Not that that was much of a surprise. There was a damn rogue faerie running about the prison, a deadly disease spreading through the populace, and I must have hit my nose or something because everything smelt burnt to me.

My makeshift bed for the night was an old mattress that had once belonged to Charlie, placed in the dark corner beneath the metal staircase in the cell-block common room. I could hear Rick softly breathing from his mattress where it rested a handful of feet from me, pushed up against the corner wall. Everything around me was seemingly plotting against my need for sleep.

Admittedly, I required less than the average mortal, but I still needed it. Especially after a day like today.

I slid off the mattress and climbed out from beneath the staircase, grabbing my leather jacket as I began to make my way outside.

“Where’re you goin’?” came a voice from the darkness behind me.

“Go back to sleep, Rick.”

There was a shuffling sound and then the slap of bare feet against concrete as he made a move to follow me. “I told you that I trusted you.”

That odd statement made me jerk my head to the side. I partially turned my body around to look at him with a cocked brow. “Past tense suggesting you no longer do?”

He let out a harsh breath through his throat, taking another step forward, the thin wedge of moonlight streaming in through the window striking his face, illuminating those crystal eyes of his. “Convince me that I should.”

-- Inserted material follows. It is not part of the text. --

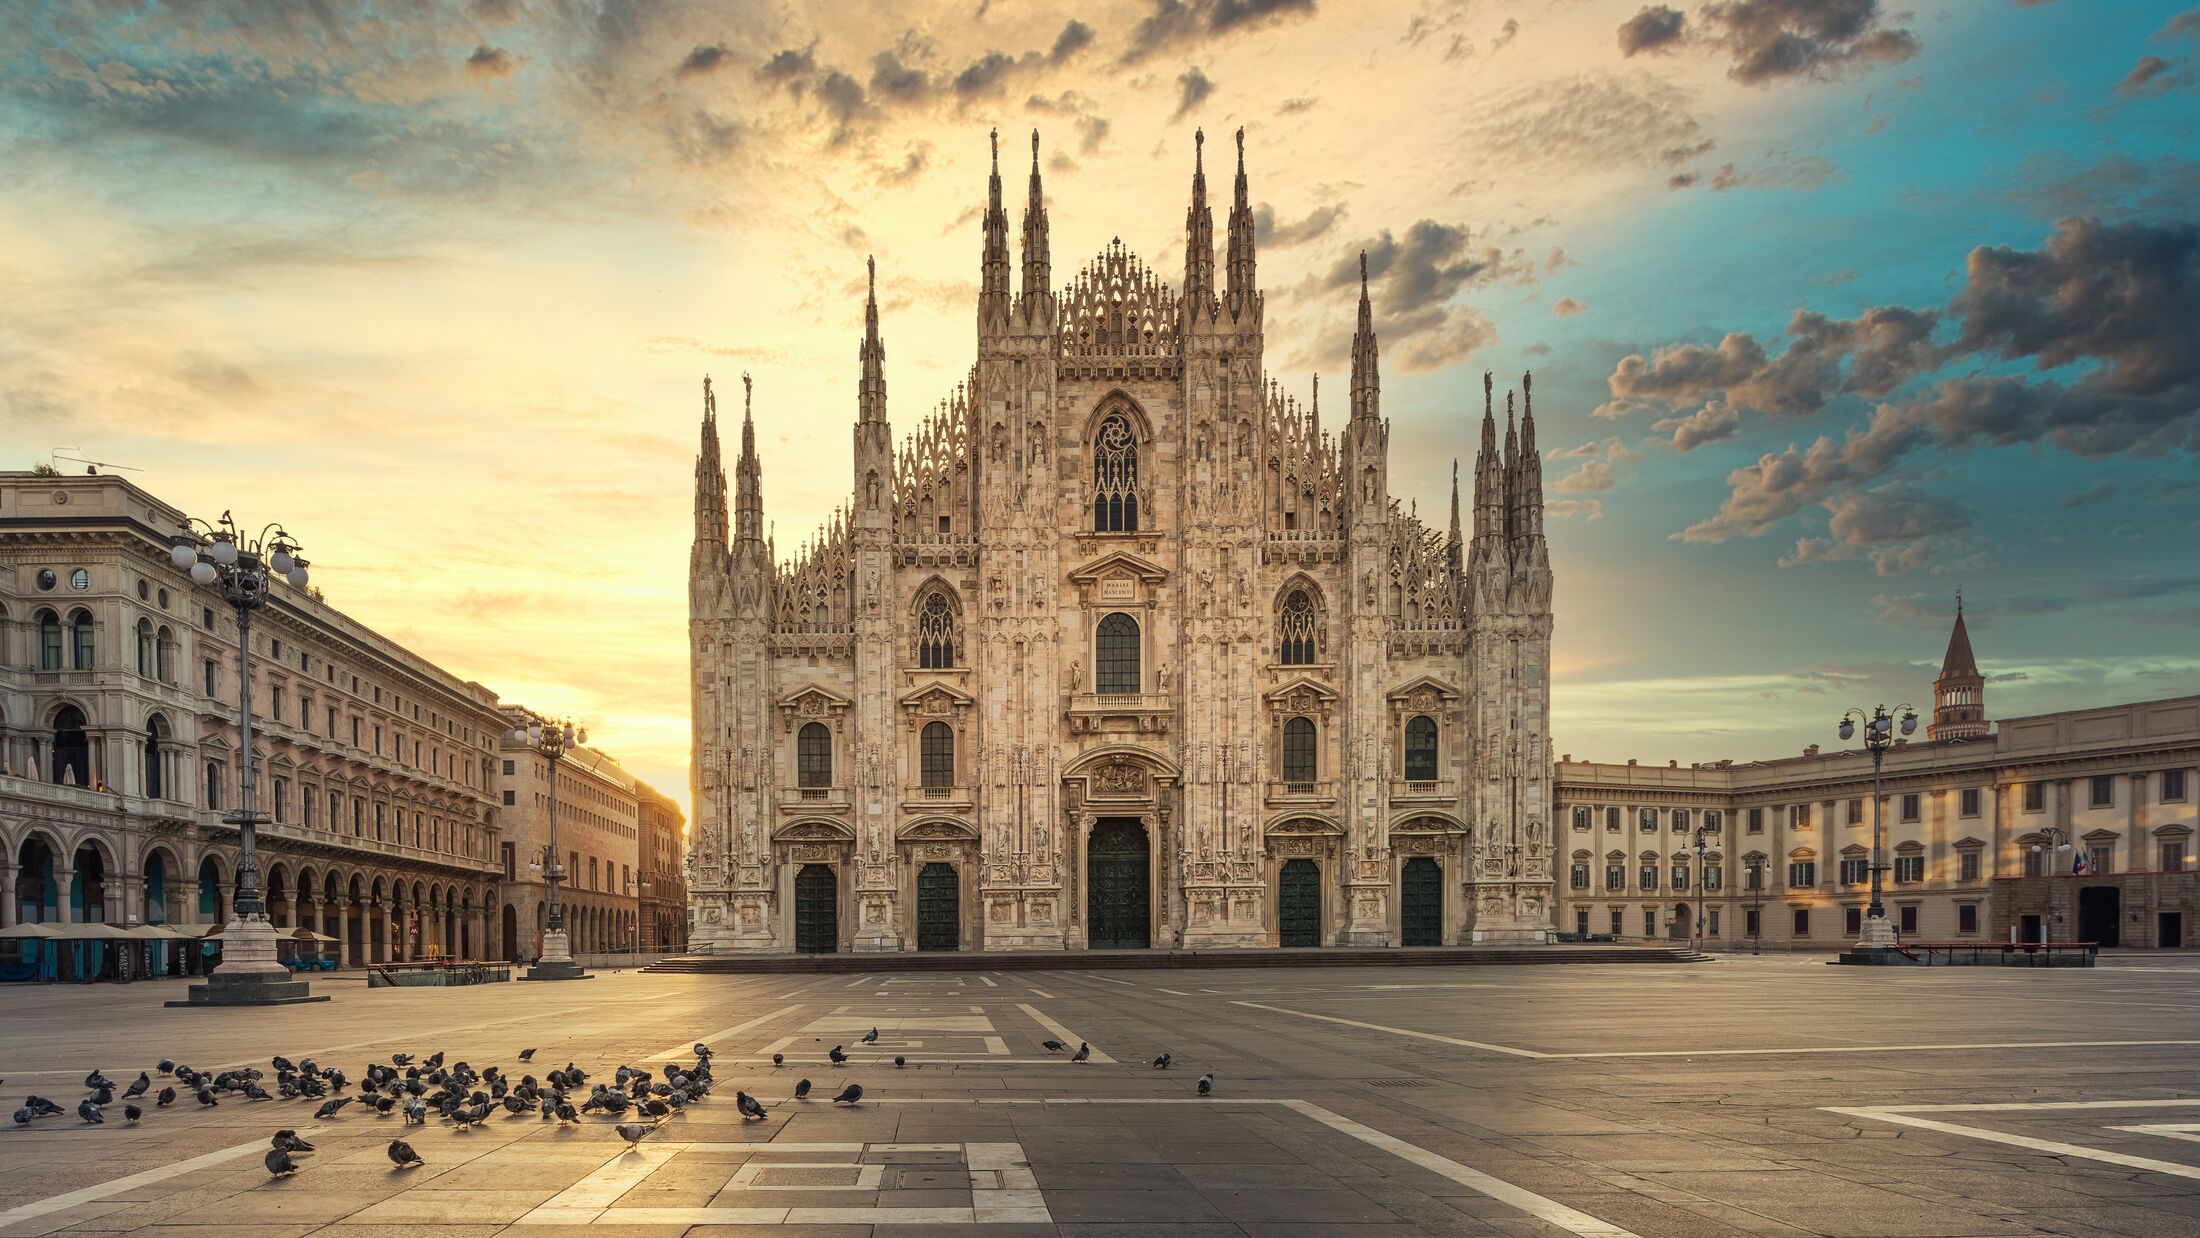 Duomo , Milan gothic cathedral at sunrise,Italy,Europe.Horizontal photo with copy-space.

“Because I’m remarkably charming?” I responded, turning fully to face him. My cheery grin diminished when I saw the taut line of his frown. I tried something more serious. “Because I’ve never lied to you.”

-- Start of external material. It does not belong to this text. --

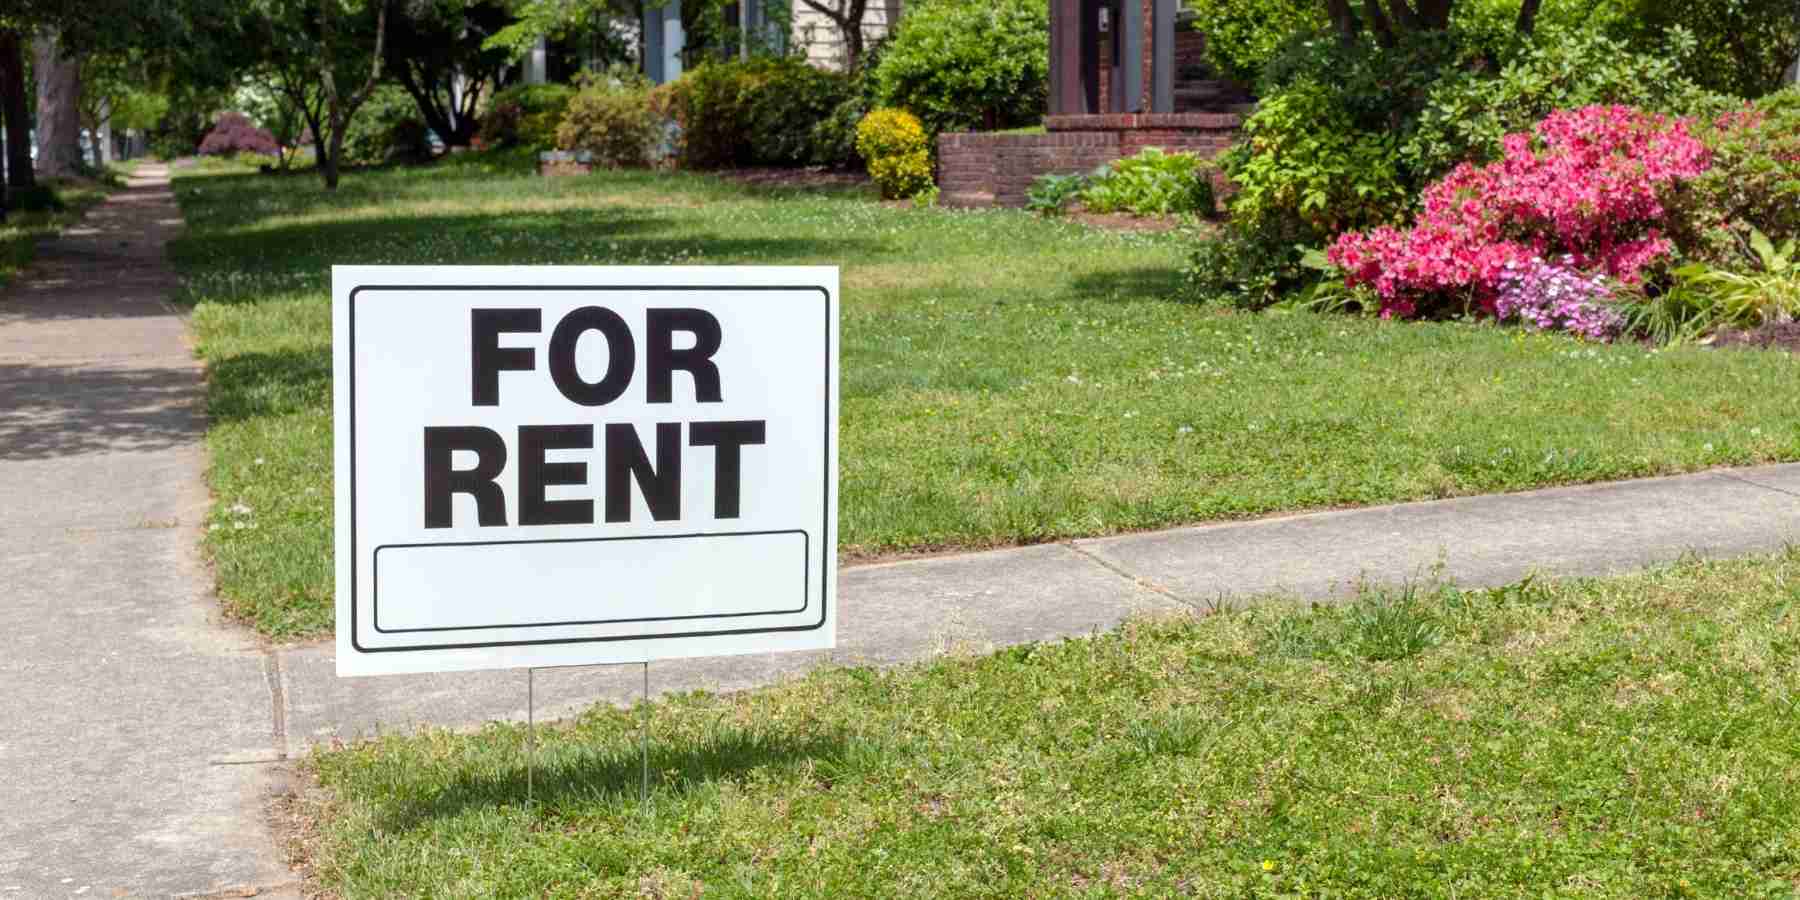 Fundrise vs Rental Property: Which is Better? (2022 Guide)

“What about that little book club of yours? Teaching the kids how to use weapons behind my back,” Rick stated simply in response. “You call that not lyin’?”

I felt the warmth drain from my face. His disappointed look struck me harder than I’d have believed. “Behind your back?” I asked incredulously, taking a step towards him with. “Rick, you made it very clear you wanted nothing to do with the council or its decisions.”

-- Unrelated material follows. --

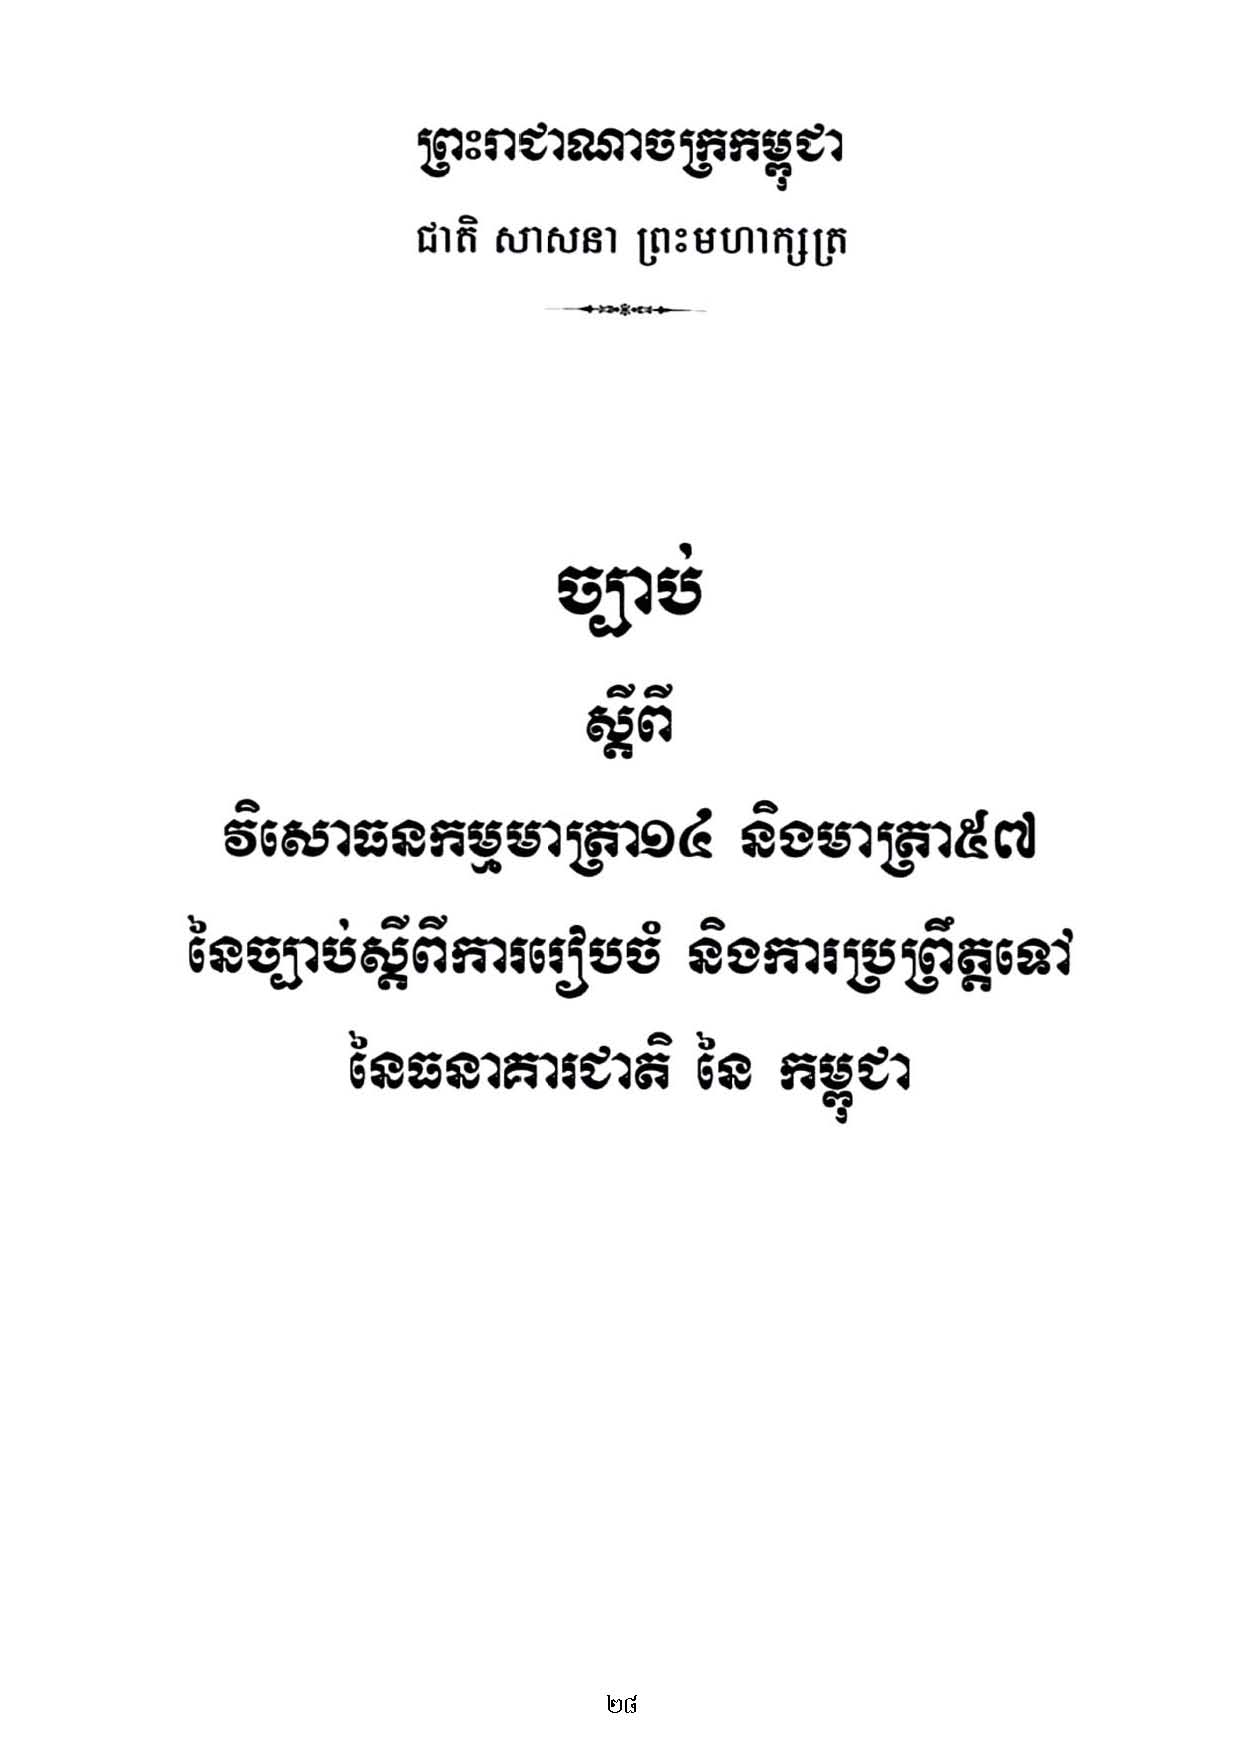 Law on the Amendent Article 14 and Article 57 of the Law on the Organization and Function of the National Bank of Cambodia(2006)

“It wasn’t a council decision, was it?” he spat, his voice rising in volume. He caught himself before he continued, realising he was growing too loud, and shook his head. When he spoke next, it was little more than a whisper. “You knew I wouldn’t like it.”

“The only thing I knew was that you wouldn’t like me teaching Carl,” I responded. “So, I didn’t.”

Rick snorted. “And what makes Carl different from the other kids and their parents?”

“You.” The answer came out too fast for my liking, so I scrambled to say something else. “I just – you don’t… No one should ever have to lose a kid, Rick. I wouldn’t even wish it on my worst enemy – and I’d wish a lot of heinous things on that fucker.” I felt the sudden emotion in my voice and swallowed back against the sharp sensation in my throat. “I had to do what I thought was… well, not the right thing, but… The thing I thought would be the smartest. To eliminate that risk.”

Rick’s face, though distorted in the dim light, seemed to soften slightly. There was a long moment before he spoke next, during which I could feel his eyes searching my expression for something. I don’t know what he found there as I’d lost control of the damn thing.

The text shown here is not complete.